"I thought it was Elinor!"

"Luckily you were mistaken," returned Mr. Chesleigh, quickly recovering his wits. "This rencontre is most opportune for me, sir. I have wished to see you."

He stepped into the room as he spoke, and boldly confronted the villain, who glared at him with a mixture of defiance and dismay.

"You wished to see me. I feel flattered," he said, with an attempt at cutting sarcasm. "May I ask why?"

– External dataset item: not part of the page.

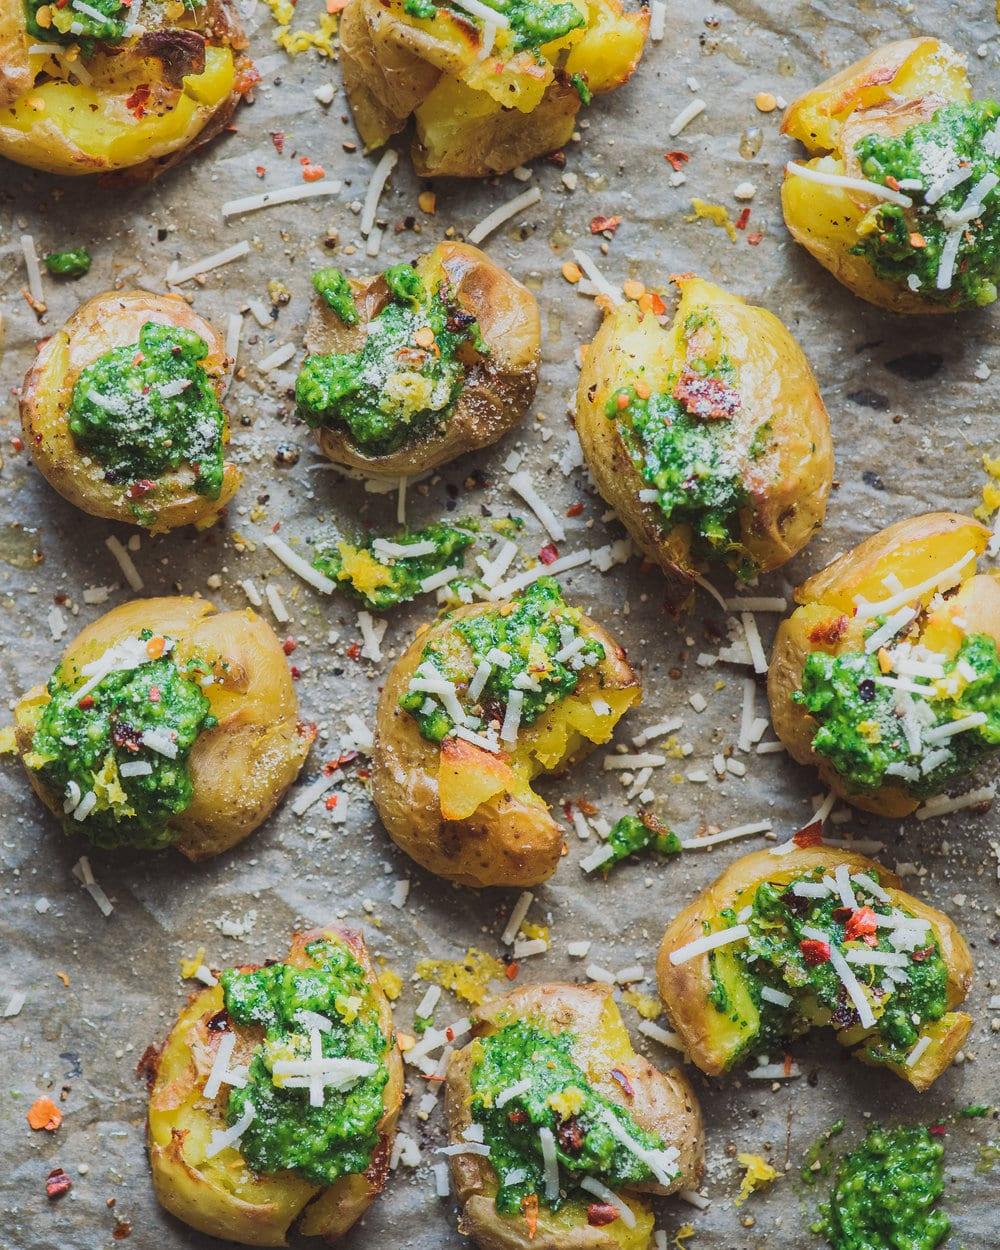 Crispy Smashed Potatoes with Cilantro Pesto

There was a moment's silence while Bertram Chesleigh rapidly reviewed the situation in his mind. Then he spoke:

"You may ask, and I may answer," he said. "Mr. Glenalvan, I might heap the bitterest reproach upon your head, if by so doing the cruel work of your life might be undone. But the past is past. My wife is dead, and no reproaches and no lamentations can bring her back to me. But there is one issue between you and me. I have taken up my dead wife's quest where she left it. I demand that you shall tell me where to find my little Golden's deeply-wronged mother."

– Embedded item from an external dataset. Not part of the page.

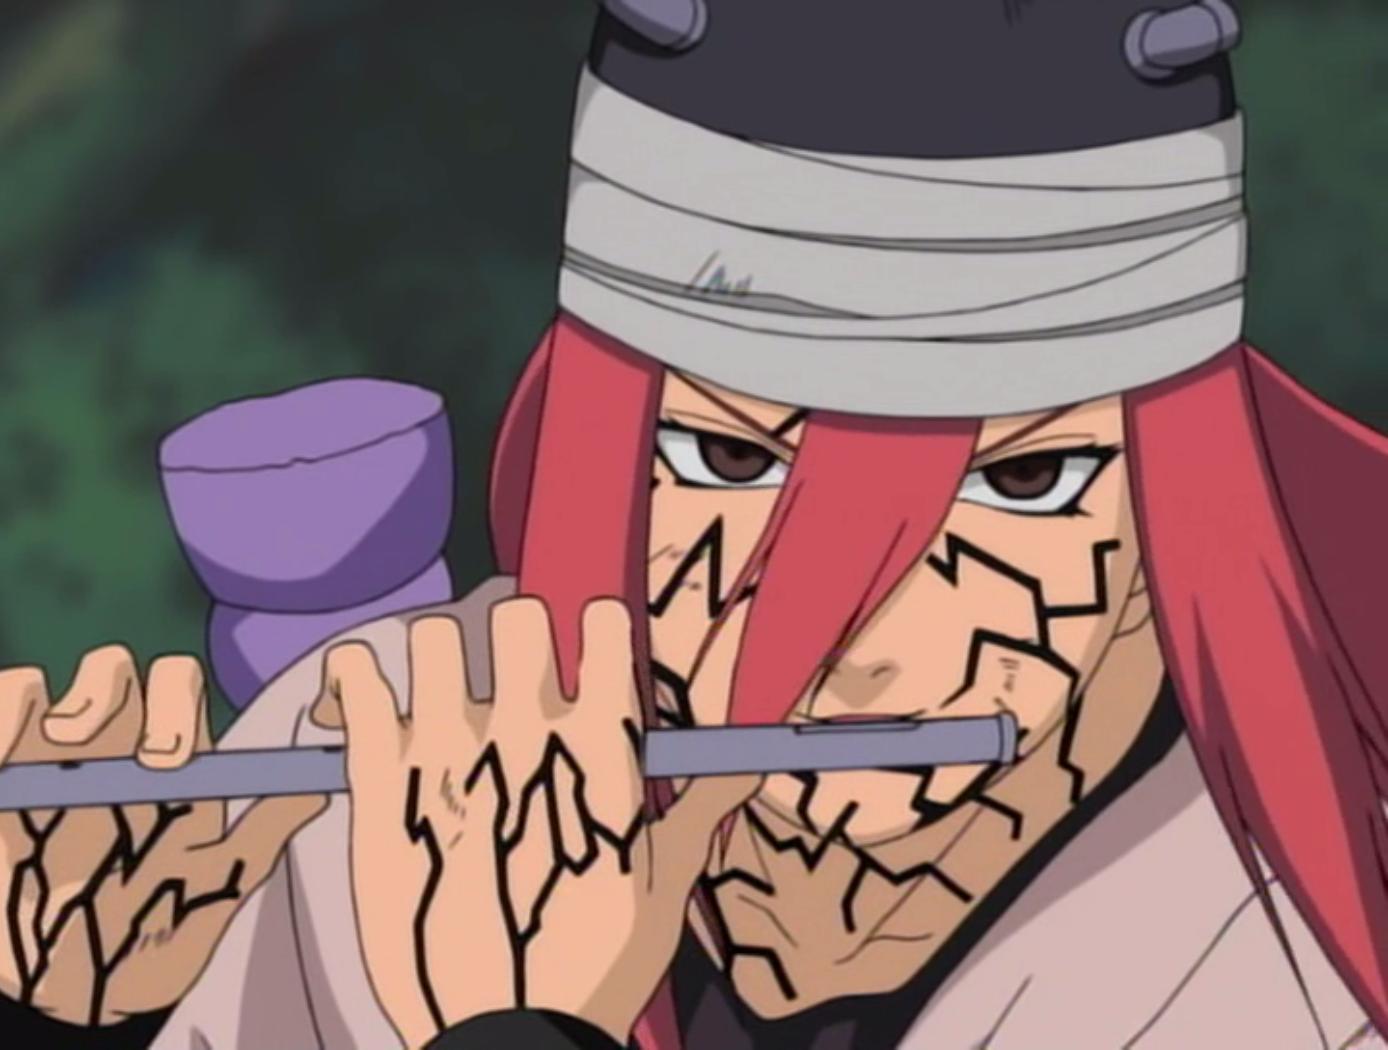 Tayuya | Narutopedia | FANDOM powered by Wikia

The dark face before him whitened to the awful pallor of death, the man's eyes blazed luridly, his hands were clenched as they hung at his sides.

"What if I refuse to answer your question?" he inquired, in a low, tense voice.

"I will find means to force you to confession," Bertram Chesleigh replied, unhesitatingly.

"I defy you to do so," John Glenalvan replied, with an imprecation. "I am not afraid of you."